The genetic basis of the evolution of the human body

Wednesday, April 23rd, 2014 2:55:21 by
epigenetic modifications

Significant genetic differences are not only in the DNA sequence (gcttaatgc…), but also in other things that stick above it (epigenetic modifications over the genes). Scientists at the Hebrew University, the Max Planck Institute in Leipzig and the Universities of Oviedo and Cantabria have rebuilt first epigenetic maps Neanderthals and Denisovans, and compared with modern humans. There are 2,000 different genomic regions, including those that house the Hox genes that organize the body of all animals, which explains the morphological differences between the three groups of humans.

The researchers analyzed the genomes of high quality data from fossil bones of two women to call females is somewhat shocking – that lived about 50,000 years ago: A Neanderthal and denisovana. The latter species has been defined in recent years from its fossil DNA, and little is known of their morphology or their geographic extent. The great innovation of this study is that scientists have found a way to infer patterns of gene activation of these two species.

A major epigenetic modifications is the addition of a methyl group (-CH3, one carbon atom and three hydrogen bonds) to one of the letters of the DNA (the c, or cytosine). This methylation activity evolutionarily born as a system to inactivate transposons, ancient virus genomes that have lost their infectivity but retain the move from one place to another by the genome.

Methylation today also serves to inactivate large stretches of human DNA, including an entire X chromosome in females (females have two, or XX, while males only have one or XY). Human development started with the most open d genes, and embryo development involves the progressive deactivation of a gene or other in each body.

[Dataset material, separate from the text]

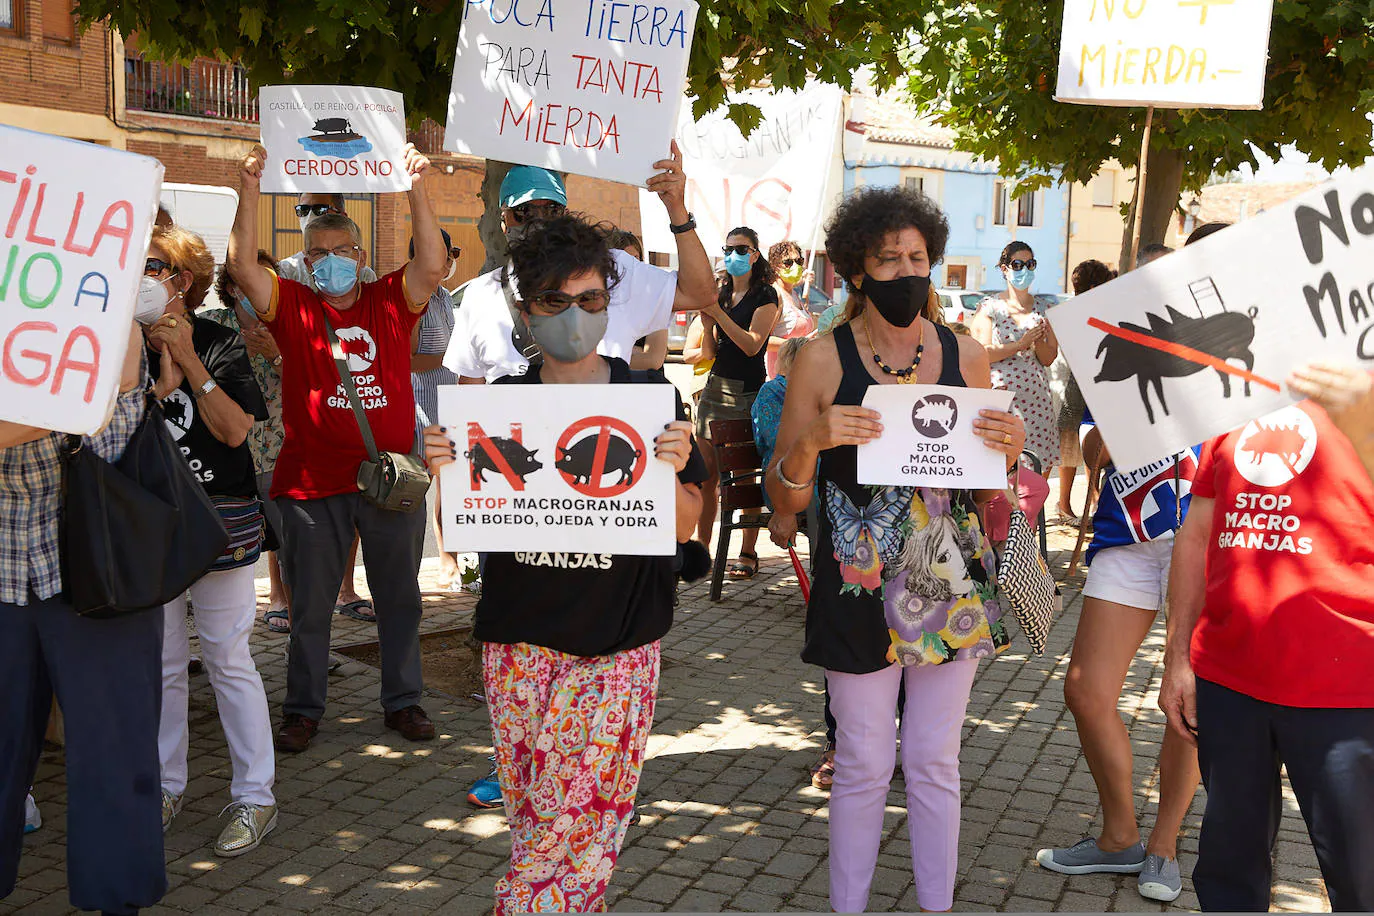 Seiscientas personas protestan contra las macrogranjas en la provincia de Palencia

Methylation patterns are 99% identical between modern humans and the two former species. Diamonds reside in the remaining 1%, and the jewels in the crown are the two Hox genes whose pattern of activity differs markedly between ancient and modern species. These rows are genes in the genome (the Hox1 to Hox13), and also define consecutive body areas. For example, head, neck, back, lumbar and others; or shoulder, arm, forearm, wrist, palm and fingers.

Methylation changes in these two Hox genes correspond to the morphological differences between ancient and modern humans, such as femur length, the size of the hands and fingers and the width of the elbows and knees.

Can we deduct one day all the characteristics of a species based only on their genome? All signs point to yes.